Besides the candidate protein-ligand binding site identification itself, binding site ranking is also a very important tissue. For instance, since there are often several presumed binding sites that can be detected on a protein surface, in order to select the more relevant ones, it is necessary to derive an approach to characterize and rank them. It is often said that the largest pocket tends to frequently correspond to the observed ligand binding site [25]. Based on this assumption, a most number of prediction methods rank the candidate sites by pocket size. On the other hand, different studies have tried to solve this ranking problem from other perspectives [14, 26, 27]. Among them, evolutionary information such as sequence conservation has been shown to be successful for re-ranking the binding sites [14]. Therefore, in our study, the candidate binding sites are ranked according to the conservation score of all residues in the same cluster.

Test dataset

In this study, a regularly used dataset [14] is chosen as the standard test data, which consists of 210 non-duplicated protein-ligand complexes derived from the Protein Ligand Database (PLD) [28]. A rough statistics on the protein dataset classification has been shown in Figure 2. Furthermore, in order to assess the binding site prediction performance of our method, the identified sites are needed to be compared to the real binding sites. For the 210 bound proteins, the ligands are taken away when making predictions and then put back when performing evaluation. The PocketPicker criterion (PPc) [6] is adopted as the prediction criterion in this study. It defines the prediction to be a hit if the geometric center of the presumed binding site is within 4Å from any atom of the ligand.

Figure 2
figure 2

Distribution of the protein dataset by molecular function. This is a rough statistics on the protein dataset classification.

Results and discussion

Our algorithm is tested on 210 protein-ligand complexes. The presumed protein-ligand binding sites are ranked by conservation score. A successful prediction example [PDB: 6RNT] [29] visualized with Jmol [30] is presented in Figure 3. In order to check the contribution of sequence conservation as well as the feasibility of our method, three purely geometry based methods i.e. PocketPicker, SURFNET, and PASS with their own ranking methods are also tested for comparison [6, 24]. The accuracy of the first one (TOP 1) and first three (TOP 3) in the prediction ranking lists have been calculated. It is indicated from Table 1 that our method obtained a 59% success rate for the top one prediction which means almost 124 of the 210 proteins are correctly predicted. The top one result is much higher than that of SURFNET and PASS. Although the top three success rate seems to be a little bit worse than PASS, our method still performs better than others. On the whole, the success rate in our study is comparable to that of PocketPicker which is one of the most popular prediction tools presented in 2007 while our method with the quick-reading operating process and grid-presentation independent.

Figure 3
figure 3

One case study of our method. PDB ID: 6RNT. (Red points: water molecule; Light blue: the whole protein; Golden: ligand molecular; Aquamarine : binding site’s center and Purple: predicted binding site constituted by amino acids.)

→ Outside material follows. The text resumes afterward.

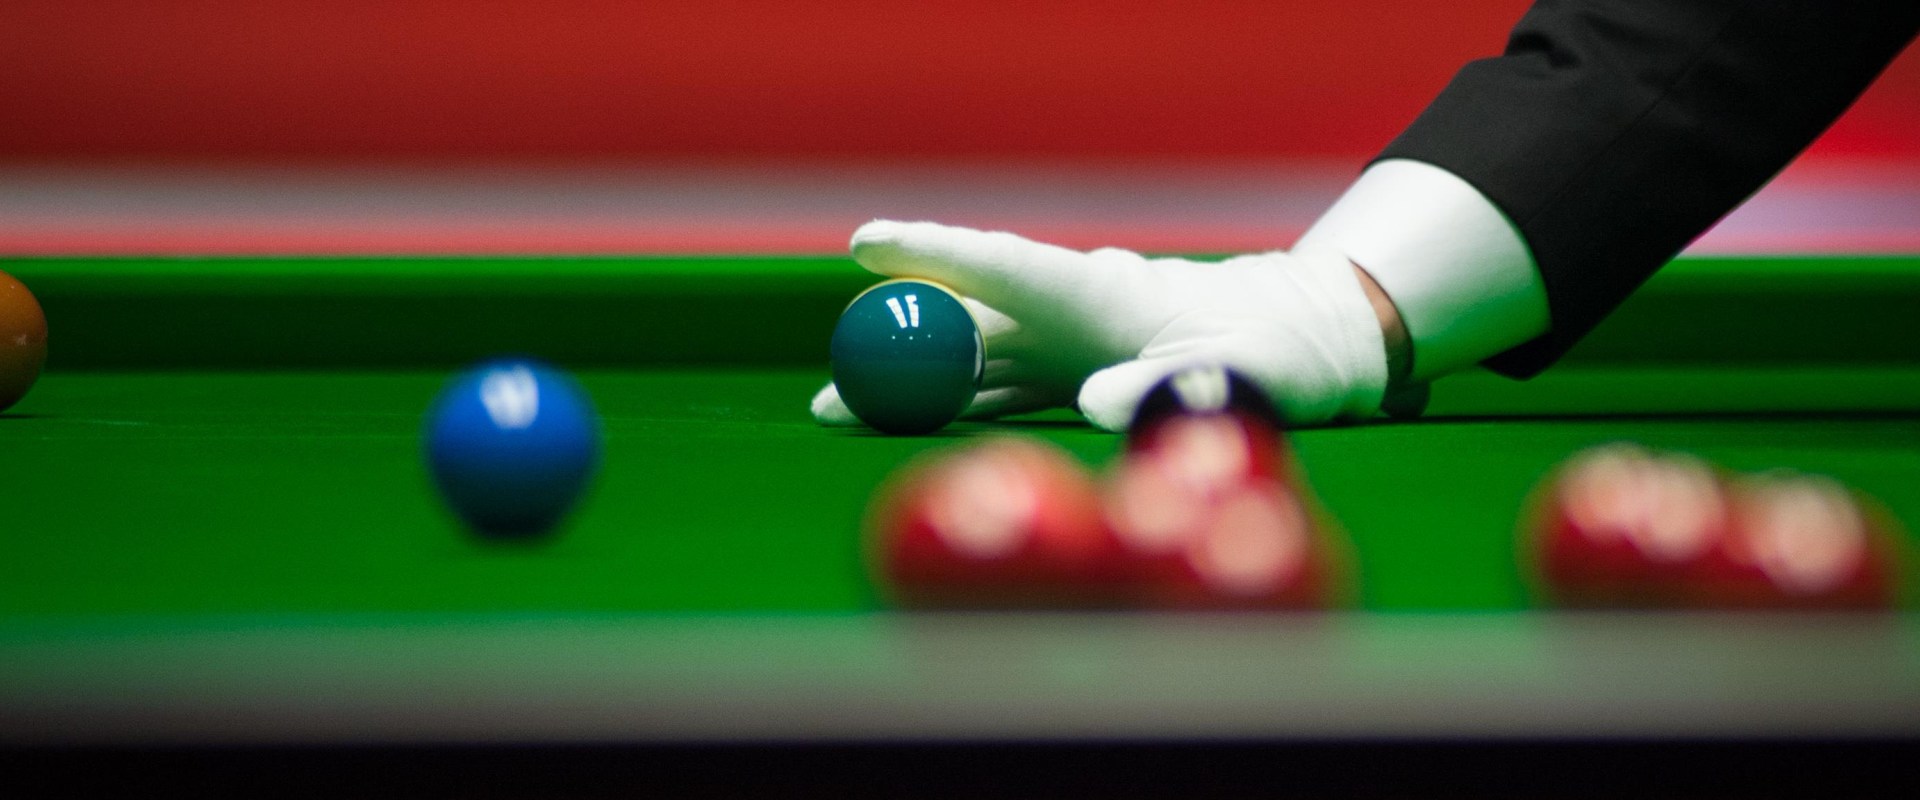 What cue ball do professionals use?
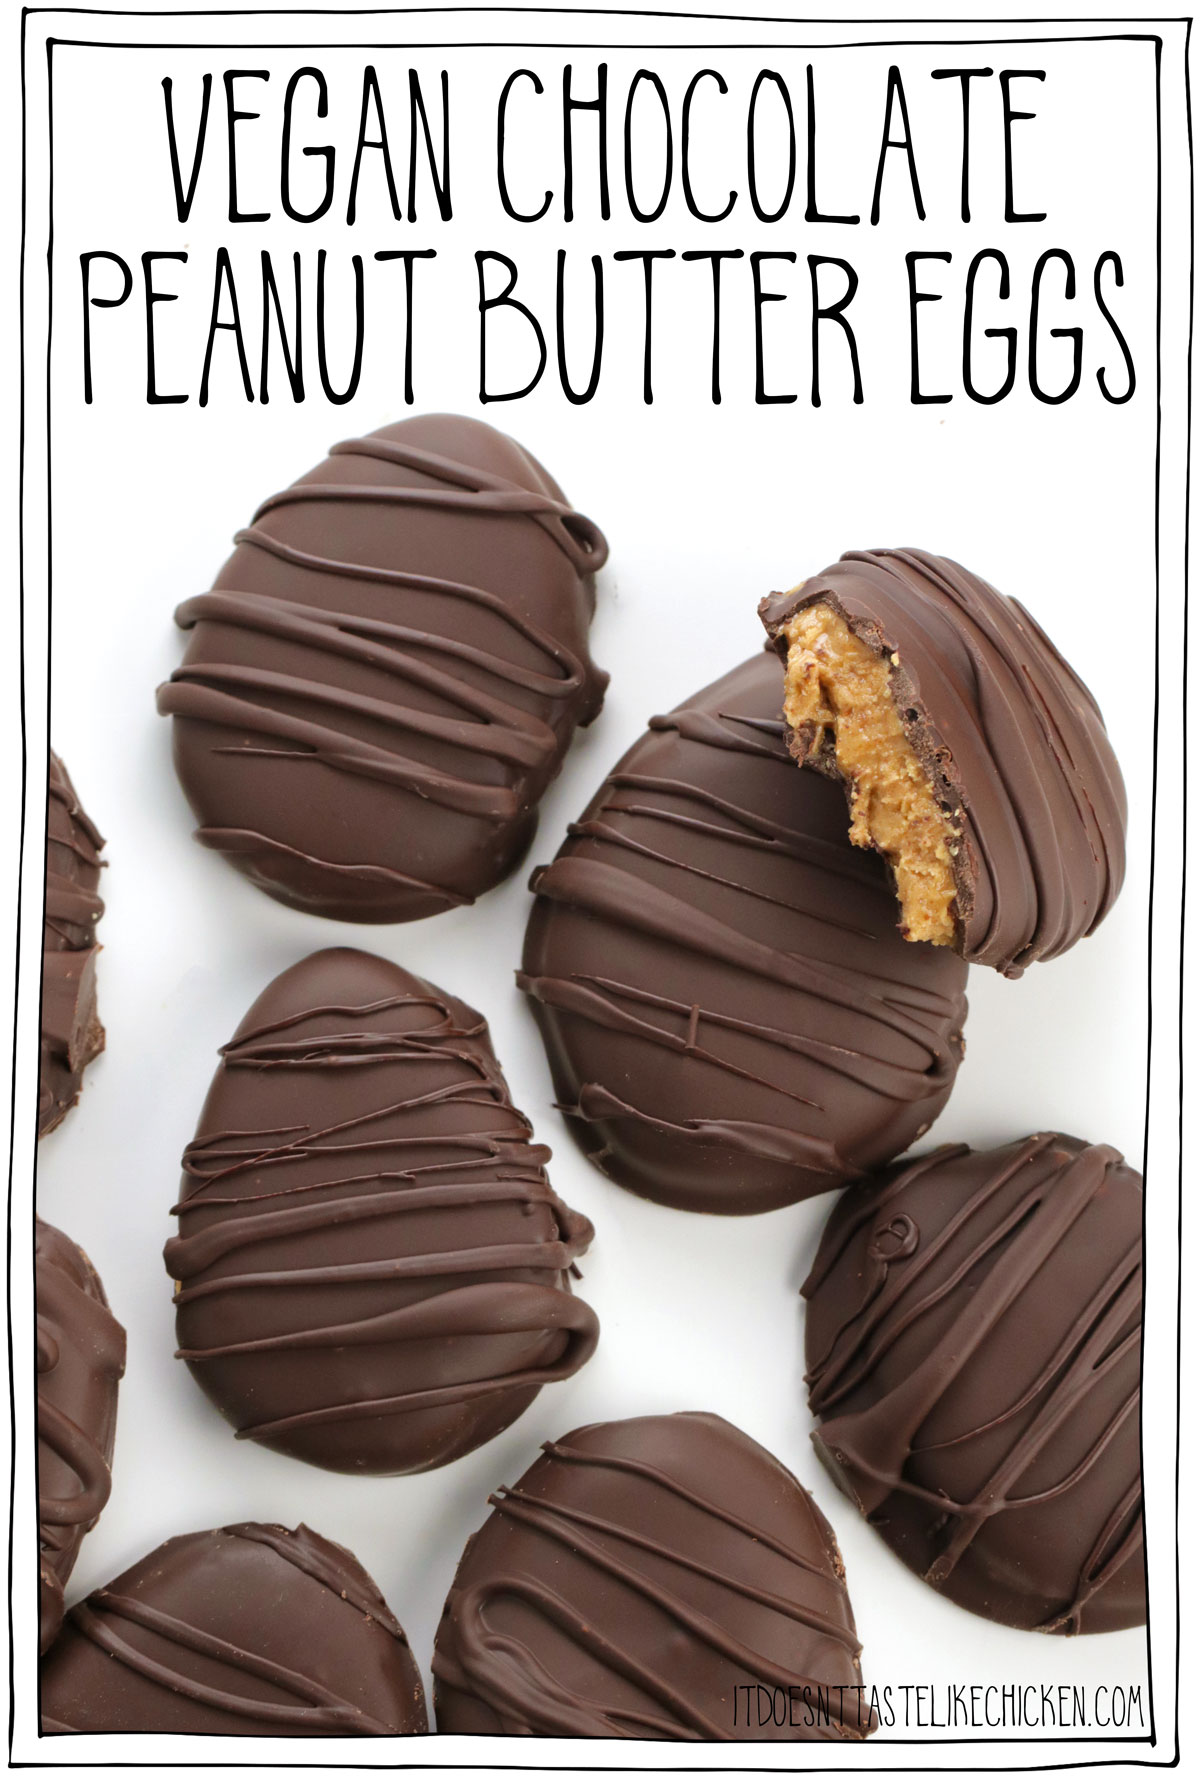 Just 5 ingredients to make these homemade Vegan Chocolate Peanut Butter Eggs! They taste just like Reese's (no really), except better because they are vegan! Melt-in-your-mouth salty, sweet peanut butter is dipped in melted chocolate. The perfect treat for your Easter basket!

Table 1 Prediction success rate presented by different binding-sites prediction methods

As small molecular ligands are tend to combine with proteins in larger cavities on protein surface, the volume can be used as a ranking method to choose the likely candidates. In this study, the candidate binding sites are also ranked according to the space volume. The success rates are listed in the Volume column in Table 1. It can be seen that this kind of ranking method doesn’t show any advantage to that by conservation score. What’s more, the top one success rate ranked by volume hardly achieves 50%. It indicates that such volume ranking rule can’t be generalized with its own limit.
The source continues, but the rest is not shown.